Thaw overnight in the refrigerator before reheating.
Reheating
Microwave for 2–3 minutes, stirring halfway through.
Or warm gently in a skillet over medium heat with a splash of water or pineapple juice to loosen the sauce.
Serving Suggestions
This meal is satisfying on its own, but it also pairs wonderfully with:
Egg rolls
Spring rolls
Asian cucumber salad
Steamed broccoli
Roasted asparagus
Garlic green beans
Crispy wontons
For a tropical dinner, serve alongside a refreshing fruit salad featuring mango, kiwi, and pineapple.
Nutrition (Approximate Per Serving)
Serves 4.
Each serving contains approximately:
Calories: 470
Protein: 33g
Carbohydrates: 46g
Fat: 15g
Fiber: 3g
Sugar: 13g
Sodium: 720mg
Values vary depending on ingredients used.
Frequently Asked Questions
Can I use chicken thighs?
Absolutely. Boneless, skinless chicken thighs are even juicier and add extra flavor to the dish.
Can I use canned pineapple?
Yes. Drain the pineapple well and reserve a little of the juice for the sauce. Pineapple packed in 100% juice is preferable to syrup-packed varieties.
Is this recipe gluten-free?
It can be. Simply substitute regular soy sauce with gluten-free tamari or certified gluten-free soy sauce.
Can I make it vegetarian?
Yes. Replace the chicken with tofu or tempeh, and use the same sauce. Press the tofu well before cooking so it browns nicely.

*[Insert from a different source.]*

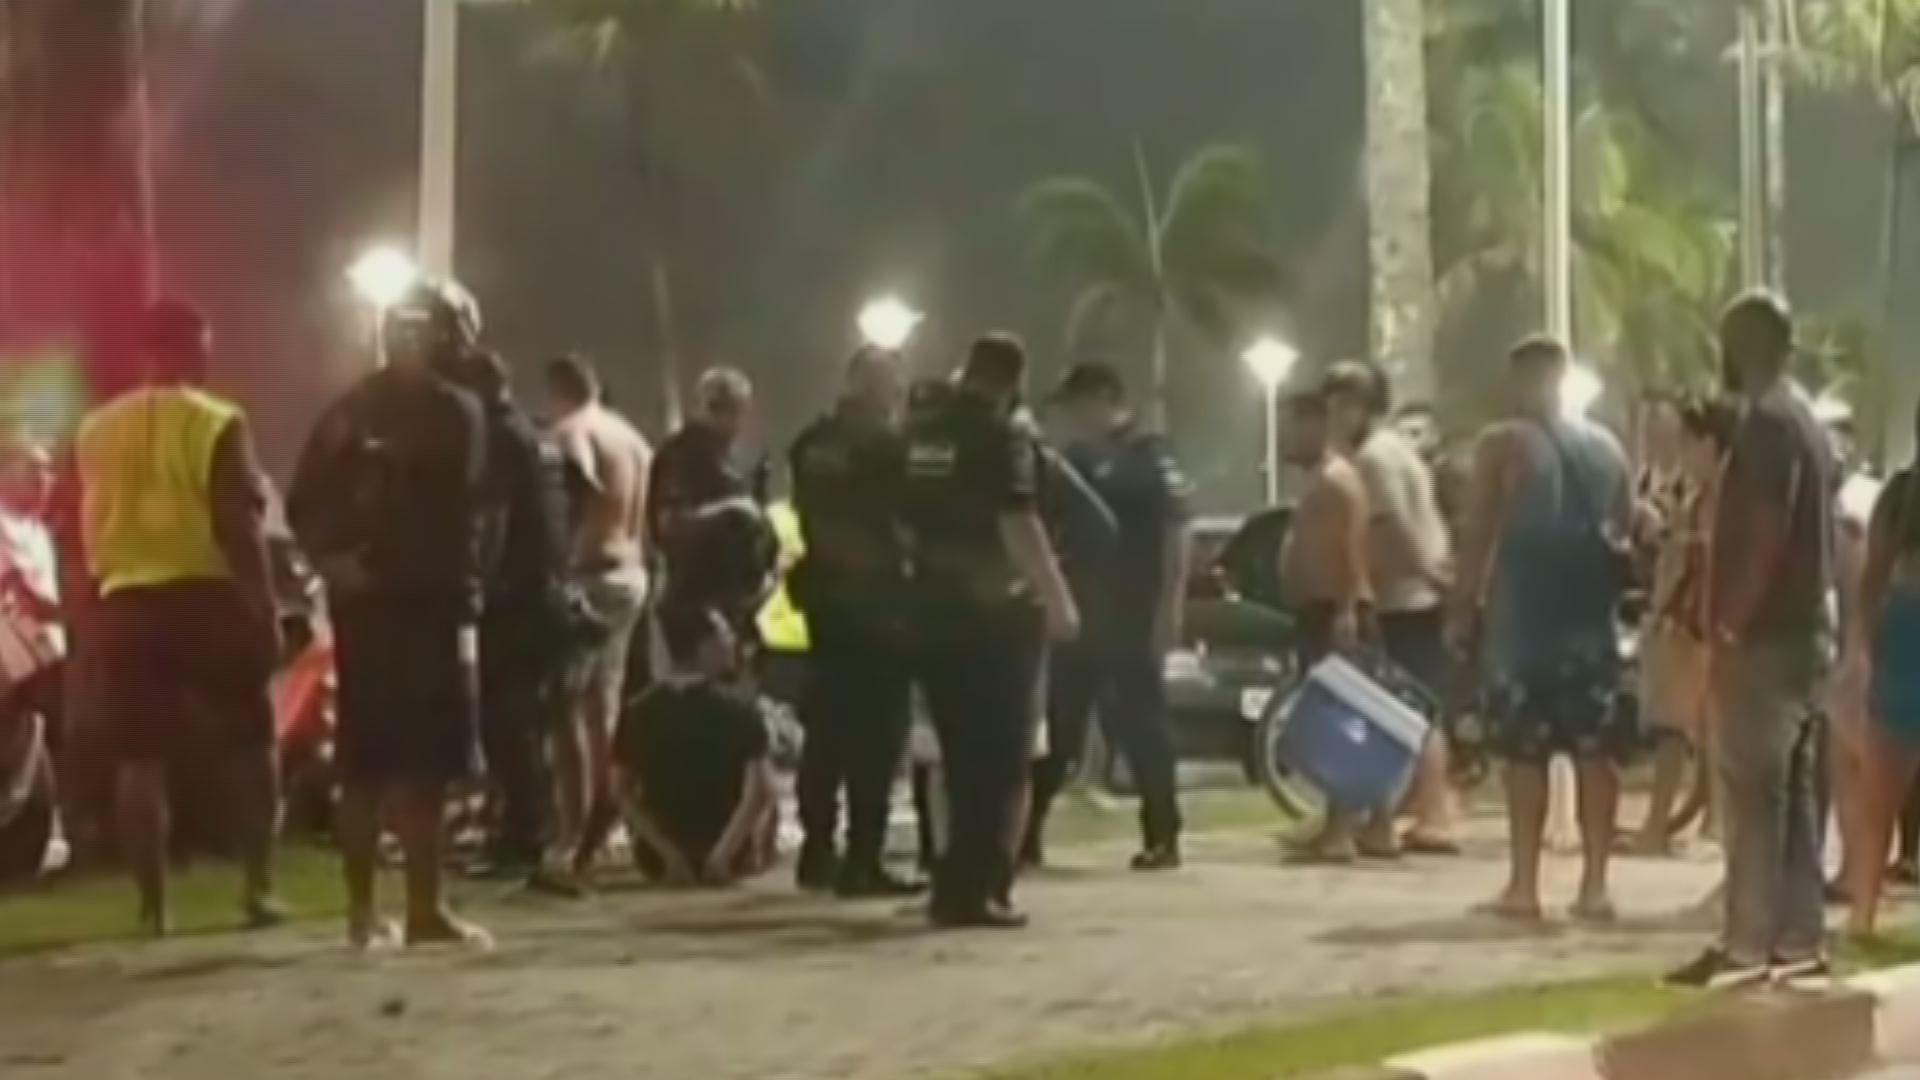 Turista é espancado após atacar dois com canivete em praia em SP; VÍDEO

How can I make it sweeter?
Add an extra tablespoon of honey or a splash of additional pineapple juice to the sauce. Taste and adjust before serving.
Final Thoughts
This Easy 20-Minute Pineapple Chicken and Rice Recipe proves that delicious homemade dinners don’t have to be complicated or time-consuming. With juicy chicken, sweet pineapple, crisp vegetables, fluffy rice, and a glossy homemade sauce, it delivers restaurant-quality flavor in just one pan. It’s perfect for busy weeknights, meal prep, or whenever you’re craving a comforting dish with a tropical twist. Once you try this quick and versatile recipe, it’s sure to earn a permanent spot in your weekly dinner rotation.